Задачу им облегчила Кэролайн. До последнего момента она держалась как бы в сторонке, выражая сочувствие вежливо и молча, но тут вдруг вспыхнула и засияла с такой интенсивностью, что ее ощутили все присутствующие.

– Мы убеждали мистера Спенсер-Брауна позаботиться о себе, – сказала она, переводя взгляд с Олстона на Аларика. – Печалясь о любимом человеке, так легко забыть о себе. Думаю, вы сможете помочь ему лучше, чем мы.

– Я для того и пришел, – сказал Аларик. – Появляться в обществе вам, конечно, нельзя, но и оставаться одному в доме невыносимо. – Он повернулся к Олстону. – Я подумал, может быть, вам захочется покататься в экипаже. Приятная прогулка, если погода выдастся хорошая, и встречаться ни с кем не потребуется.

– Думаете, стоит? – засомневался Олстон.

– А почему бы и нет? Каждый переживает горе на свой лад, и те, кто желает вам добра, не станут упрекать вас тем, что вы хотите развеяться. Мне, например, доставляет удовольствие музыка и созерцание великих произведений искусства, красота которых пережила их творцов, вобрав в себя всю боль и все устремления. Я буду счастлив сопроводить вас в любую галерею по вашему выбору – или куда-либо еще.

– Но ведь люди, наверно, считают, что мне следует оставаться в доме? – озабоченно нахмурился Олстон. – По крайней мере, до похорон? Знаете, это еще несколько дней. До пятницы. – Он моргнул. – Вы, конечно, знаете, о чем я говорю.

– Если вы не против, я мог бы поехать с вами, – спокойно предложил Аларик. – Если вам больше нравится быть одному, обижаться не стану, но я в такой ситуации одиночество не выбрал бы.

Лоб Олстона прочертила глубокая морщина.

– В самом деле? Очень, очень великодушно с вашей стороны.

Шарлотта подумала о том же, но с раздражением. Она предпочла бы осуждать Поля Аларика и иметь для этого основания. Зато глаза Кэролайн излучали мягкий свет одобрения.

Шарлотта бросила взгляд на Эмили и моментально поняла, что сестра тоже это заметила.

– Вы так добры. – Резкие нотки в голосе Эмили отражали скорее ее собственные страхи, чем беспокойство за Олстона. – Прекрасное решение. Дружеская помощь в такое время бесценна. Помню, в трудный час именно близость мамы и сестры служила мне поддержкой и утешением.

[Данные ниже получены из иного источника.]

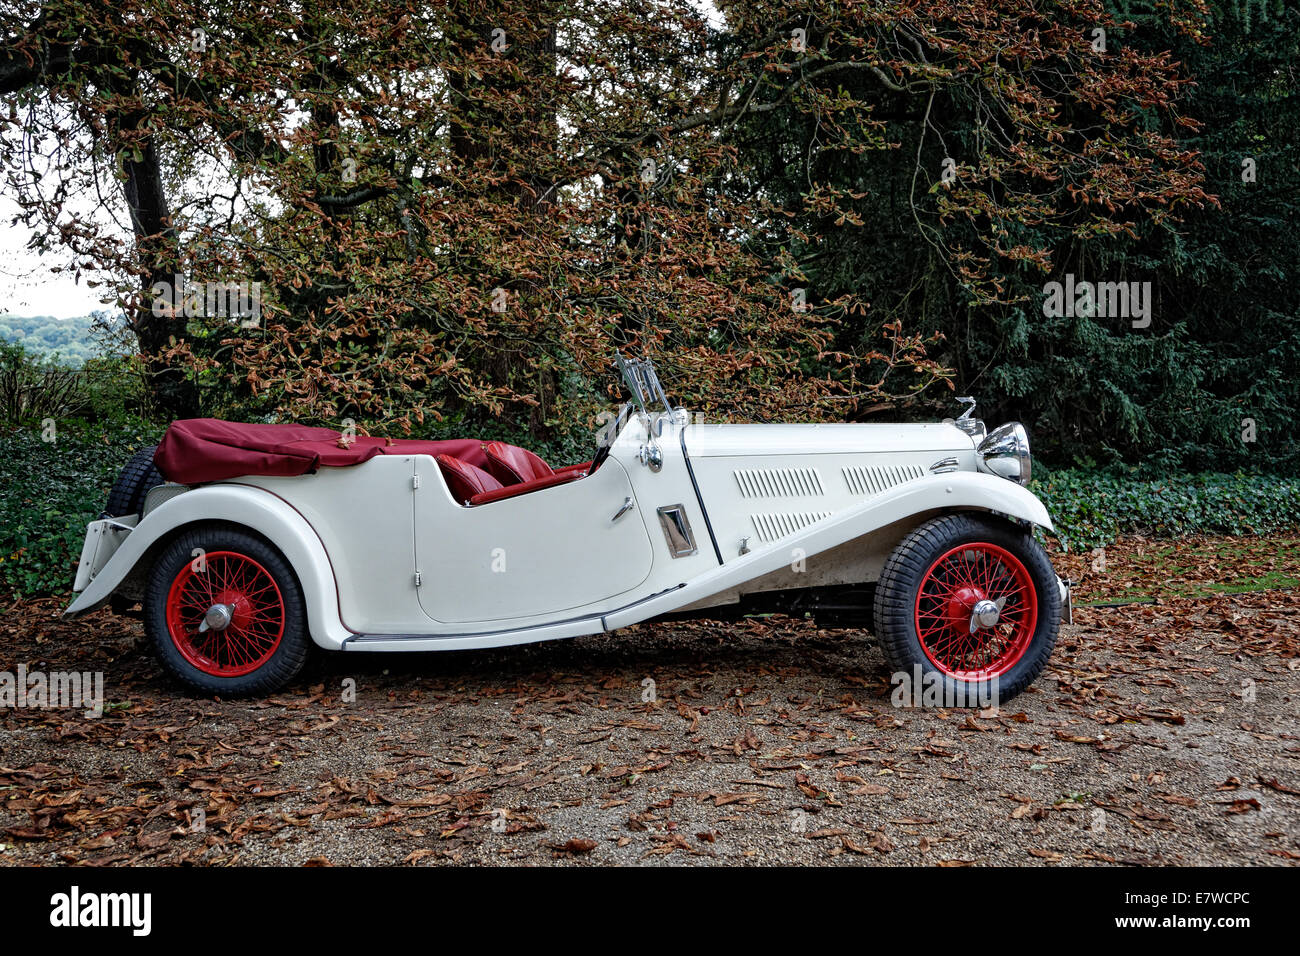 1934 Triumph Motor Company 'Gloria' Monte Carlo Tourer  4 seat motor car Stock Photo

О чем это она? Уж не о смерти ли Сары? Та трагедия одинаково поразила их всех – но никакого другого «трудного часа» Шарлотта припомнить не могла.

Между тем Эмили продолжала:

– Не вижу причин, почему бы вам не прокатиться, если мсье Аларик предлагает составить компанию. Ни один здравомыслящий человек – никто, чье мнение имело бы значение, – не увидит в этом чего-то предосудительного. – Она с вызовом выставила подбородок. – Люди, конечно, не всегда верно истолковывают некоторые связи, но чаще всего это касается дружбы между леди и джентльменом. Вот тогда разговоров бывает много, независимо от того, насколько все невинно на самом деле. Вы не согласны, мсье Аларик?

Пристально наблюдая за ним, Шарлотта попыталась обнаружить хотя бы малейший намек на понимание истинного значения и цели этих малосодержательных слов.

Аларик, однако, сохранил полное самообладание; казалось, его внимание полностью поглощено Олстоном.

– Осуждающие найдутся всегда, леди Эшворд, – ответил он. – Независимо от обстоятельств. Всем не угодишь. Нам должно следовать голосу совести и соблюдать очевидные условности, дабы не оскорбить кого-то непреднамеренно. Полагаю, это всё. А в остальном каждый волен вести себя так, как ему заблагорассудится. – Он повернулся и внимательно посмотрел на Шарлотту, словно понимая каким-то особенным чутьем, что она сказала бы то же самое. – Вы не согласны, миссис Питт?

Перед Шарлоттой встала дилемма. Она терпеть не могла уклончивость, и ее собственный язычок столько раз загонял ее в неловкие ситуации, что всякое соперничество с ним выглядело бы смехотворным. Ей также хотелось бы согласиться, потому что во французе было одно качество – не элегантность и даже не привлекавший ее интеллект, а некий запас чувств, пока еще скрытый и недоступный, но влекущий и очаровывающий, как надвигающаяся буря или поднимающийся с моря вечер, – грозный, опасный и неодолимо прекрасный.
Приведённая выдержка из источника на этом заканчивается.